Vision and Knowledge

Cubism’s challenge, and its contribution to modernity’s ‘crisis of the subject’, lay in its radicalisation of visual form. Although its subject matter was often unremarkable, even banal, this only highlighted the profound effects of its form. Like Realism, the ‘everyday’ became the object of attention. Cubist experiments extended to even the most mundane cultural object through its re-presentation. It investigated the embedded, spatial visual codes and conventions upon which systems of Western knowledge were based. To undermine these was to undermine culture itself with the proposal of a new, modern visuality based on time, simultaneity and instability of perception. Cubism’s critique of cherished, stable systems of visual knowledge makes the inflamed outrage of its critics a more understandable response.

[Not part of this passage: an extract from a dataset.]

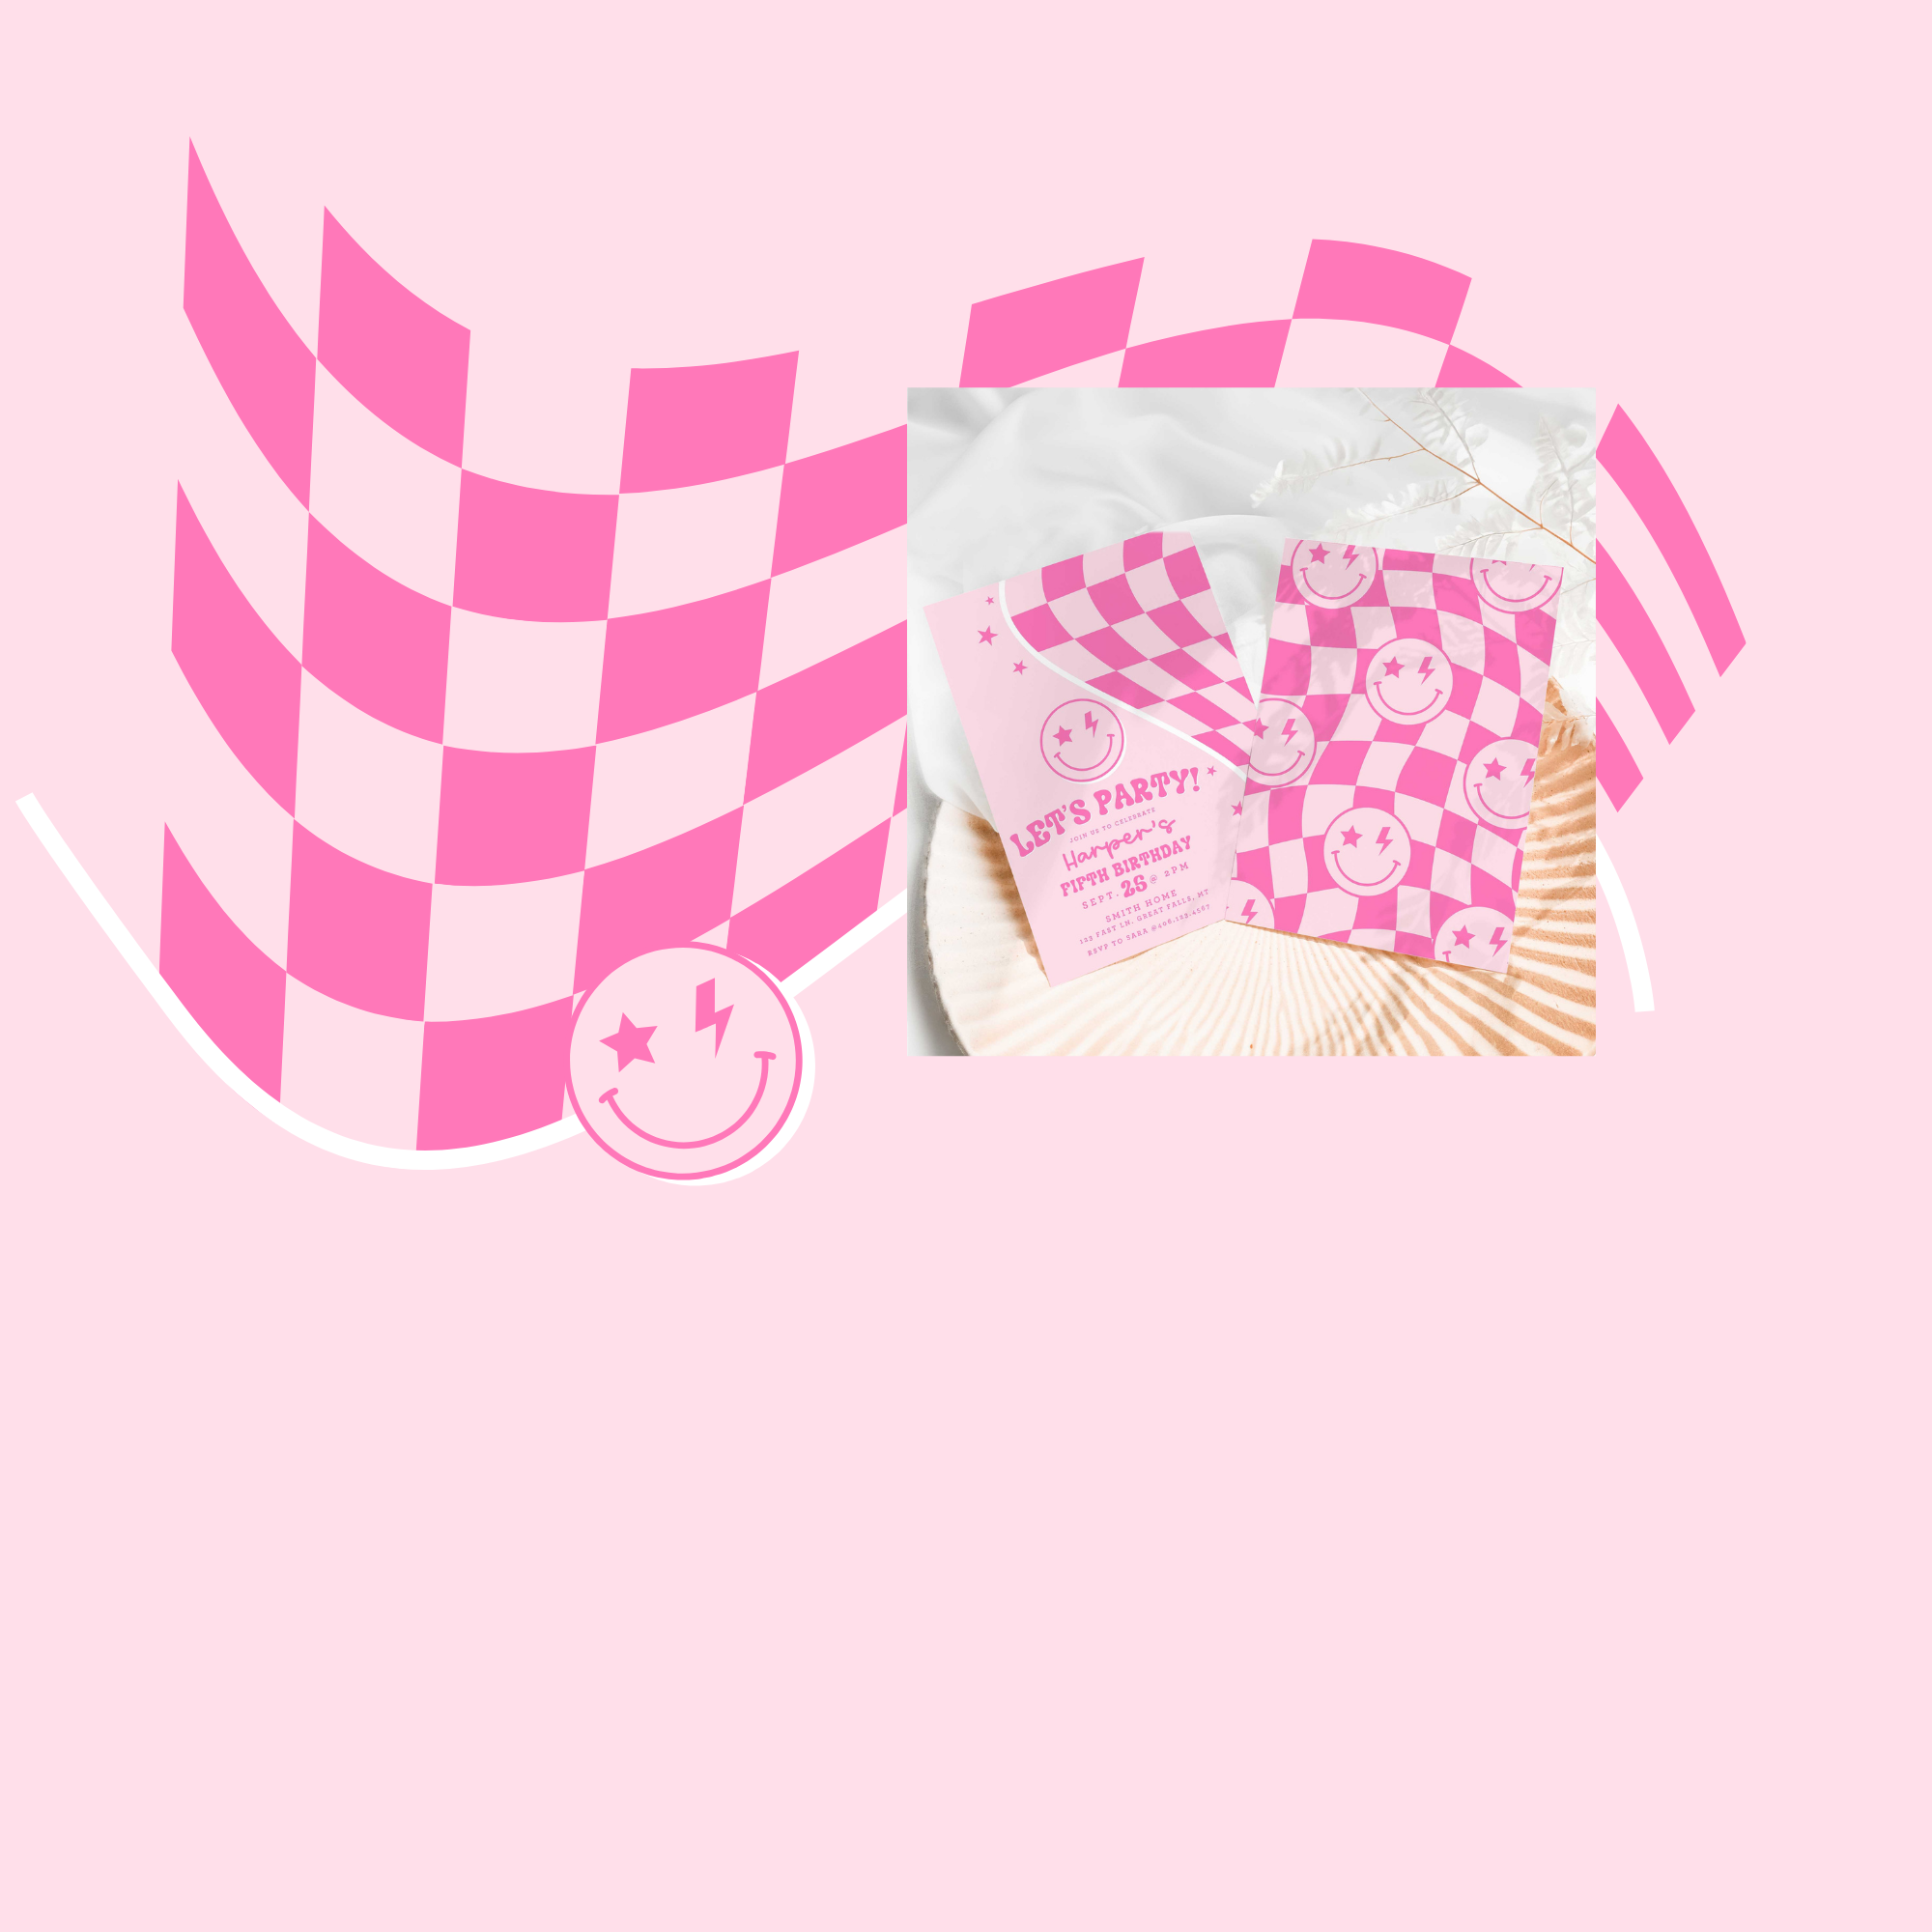 Preppy Retro Pink Smiley Printable birthday decorations by High Peaks Studios
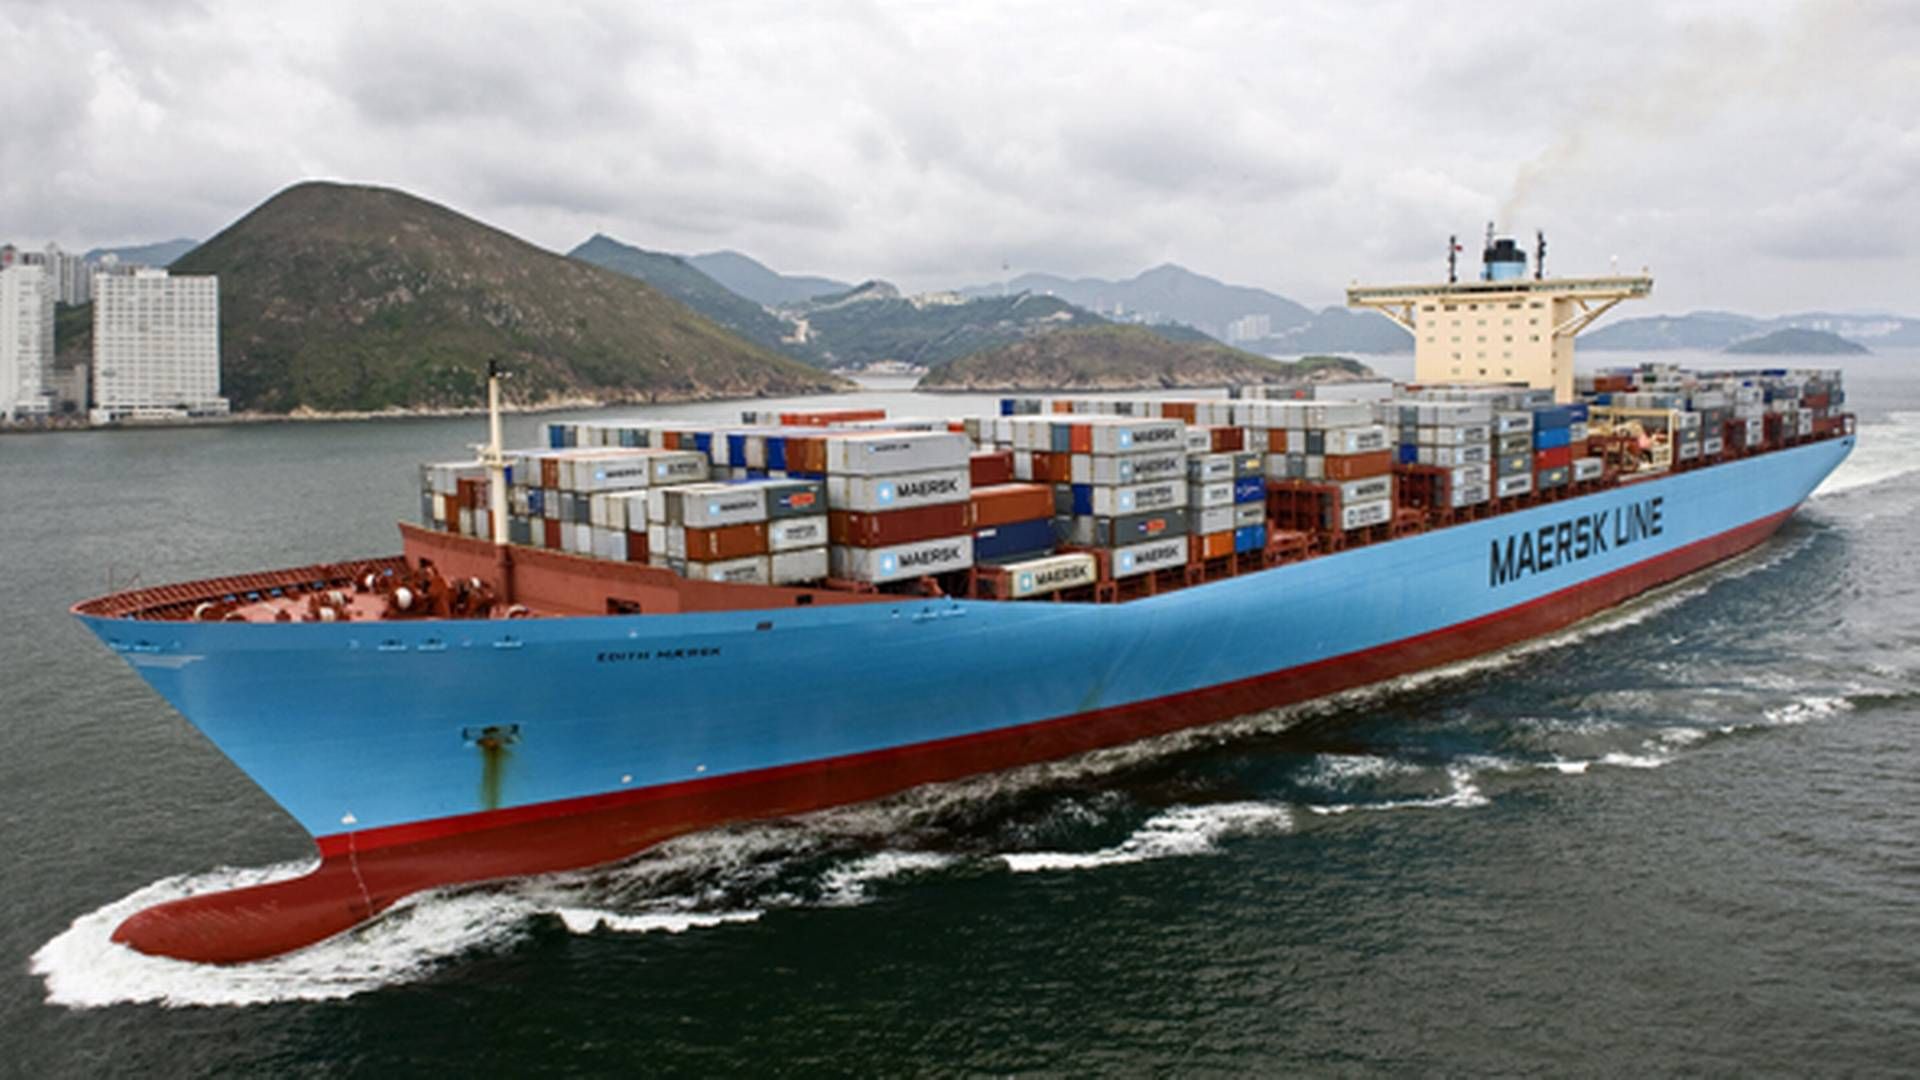 Foto: Maersk Line

We might argue that Cubism made an earlier mode of radical thought accessible to an increasingly democratic age. For example, in many ways, its challenge was inherited, indirectly, from John Locke’s work on the relationship between seeing and knowing, the limits of visual language, and the notion that human vision is not ontologically veridical. Indeed, as Baxandall writes, ‘the issue of what a picture represents did not originate in 1906’.24 Baxandall cites Newton’s idea that colour exists as ‘sensations in the mind’ alongside Locke’s thought that visual perception is not inherent or axiomatic, but must be learnt according to rules. For Baxandall, Locke and Ne...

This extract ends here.